Zwischen Snuff und Stuss
„8MM“ hat mich immer fasziniert. Von seinen Themen bis zu Cage, von seinem Dreck bis zu Schumachers eigentlich wesentlich glamourösere Art, von der Schattenseite Hollywoods bis zur bescheuerten Über-den-Haufen-Werfung von Pornografie, BDSM, Kinderpornografie und Snuff. „8MM“ bietet ohne Frage genug Stoff, ihn komplett in seine Einzelteile zu zerlegen und katastrophal zu finden. Zu oberflächlich, zu verallgemeinernd, zu gekünstelt, zu aufgesetzt, zu selbstherrlich, zu menschenverachtend, zu predigend. Und so weiter und so fort. Und wie finde ich ihn? Schlicht und einfach sehr gut. Beißt sich nicht. Ich hoffe das im Laufe dieses Reviews unterlegen zu können. Erzählt wird in diesem schmutzig-stylischen Neo Noir-Thriller von einem Privatdetektiv, der von einer reichen Witwe engagiert wird, um die Echtheit eines vermeintlichen Snufffilms zu prüfen, in dem womöglich ihre Tochter vor laufender Kamera ermordet wird. Seine Untersuchungen führen ihn dabei in die Abgründe der Traumfabrik und unserer gesamten westlichen Gesellschaft, zwischen gescheiterten Existenzen, gut getarnten Sadisten und geldgierigen Untergrundringen…

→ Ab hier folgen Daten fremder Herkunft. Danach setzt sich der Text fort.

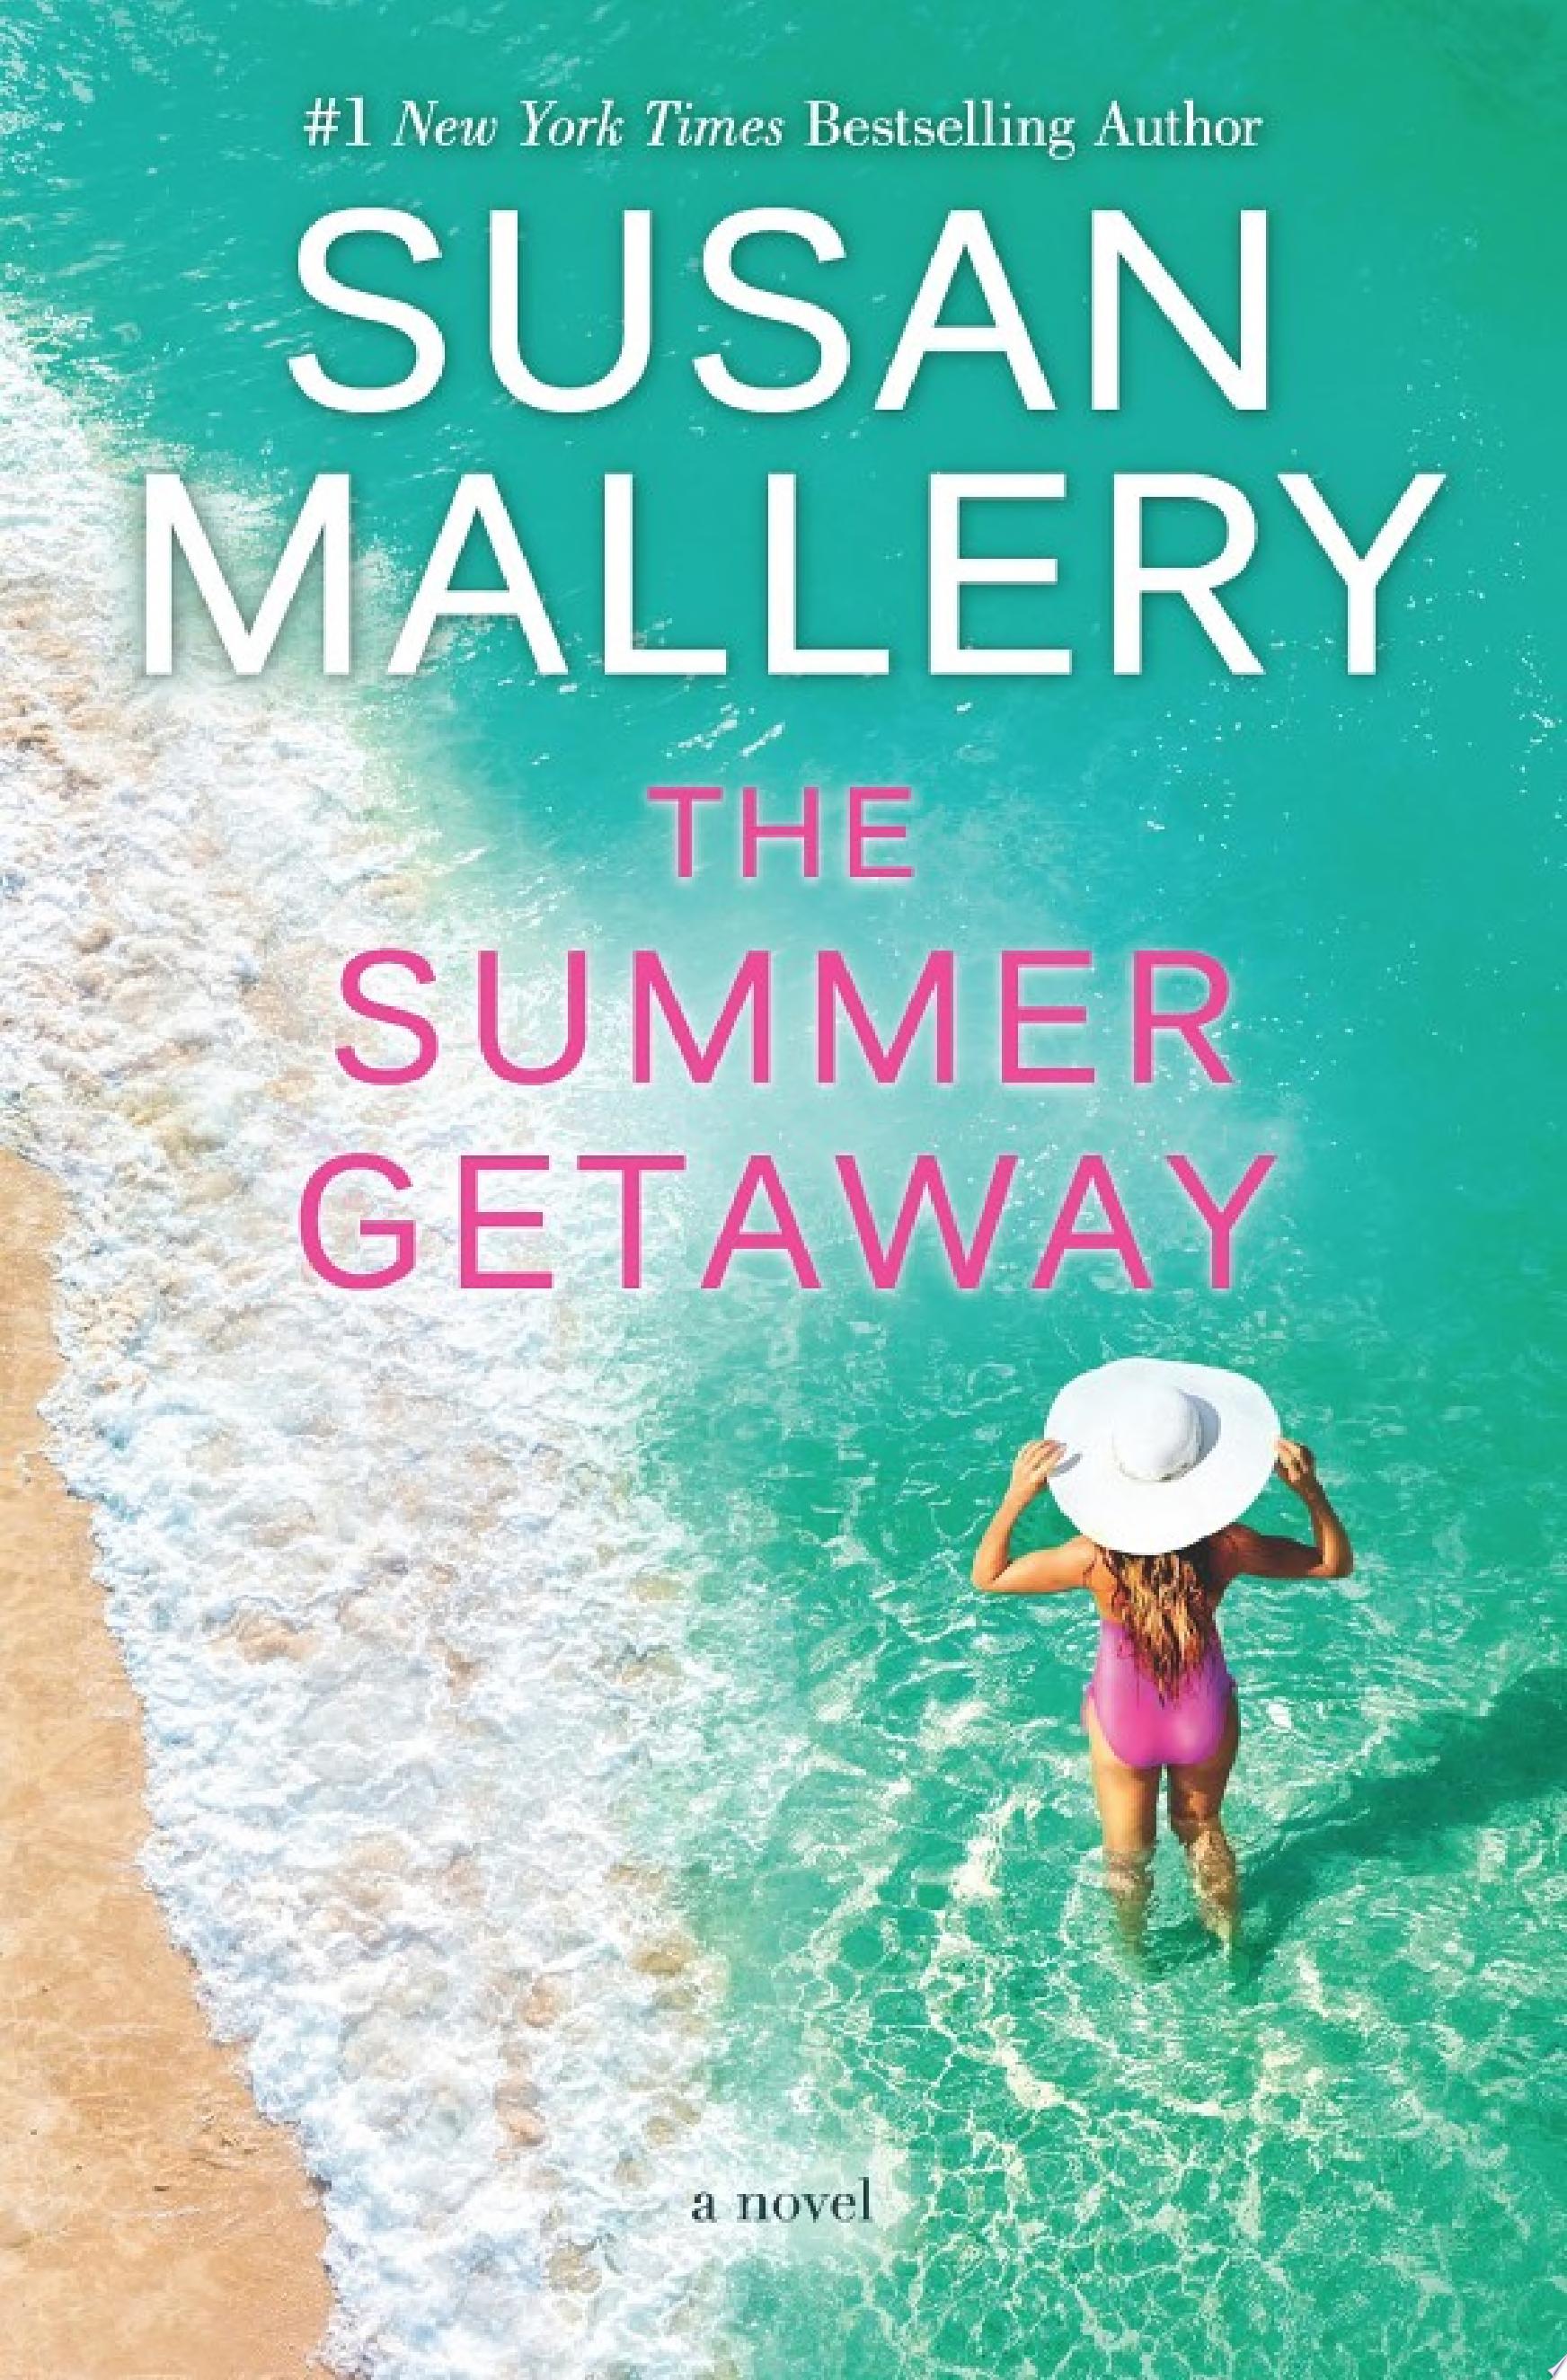 Image for "The Summer Getaway"

Der Abgrund hat wieder einen Staring Contest gewonnen
Aus einer Zeit, als Nic Cage noch nicht allzu oft überdrehte, als Joel Schumacher nach „Batman & Robin“ mit Nachdruck etwas zu beweisen hatte, als das Internet (geschweige das Darknet) noch in der Pubertät steckte, düstere Hollywoodthriller boomten und Snuff an Sagenumwobenheit kaum zu überbieten war. „8MM“ ist sehr interessant, sowohl auf seinen Metaebenen als auch als garstiger Krimi selbst. Hervorragend und oft überraschend gegen bekannte Besetzungsmuster bis in Nebenrollen ausgestattet (Phoenix, Stormare, Reedus, Keener, Gandolfini), mit etlichen richtig fiesen Set Pieces, toller Beleuchtung und einem ebenso rotzig-harten Soundtrack. Das Thema taucht tief in die entlegeneren Winkel der menschlichen Seele und unserer Gesellschaft ab. Das mag nicht jedem gefallen. Manch einer findet sich selbst darin, anderen macht es einfach nur Angst und wirkt abstoßend. Jedem das Seine. Dennoch verfehlt „8MM“ seine Wirkung nicht. Einmal mehr zeigt Schumacher seine Vielseitigkeit. Für mich einer der verkannteren und mutigeren Regisseure seiner Generation. Wie Cage sich hier in Zorn, Dunkelheit und Gewalt verliert, ist und bleibt sehenswert, erinnert eher an nihilistischere Drehbücher von Schrader a la „Bad Lieutenant“. Kein Wunder, dass Cage später noch in dessen Remake die Hauptrolle übernehmen sollte. „8MM“ ist mindestens diskussionswürdig und interessant. Eventuell für nicht wenige sogar exzellent und unvergesslich. Ein siffiger Abstieg in die Alptraumfabrik namens menschliche Seele.
Fazit: ungewöhnlich düster und ernst für Joel Schumacher, mit einer meist starken, bodenständigen Cage-Performance, niederschmetternden Themen und einer echt unangenehmen Stimmung - auch wenn „8MM“ sicher kein „Sieben“ ist, bekommt er mich dennoch jedes Mal!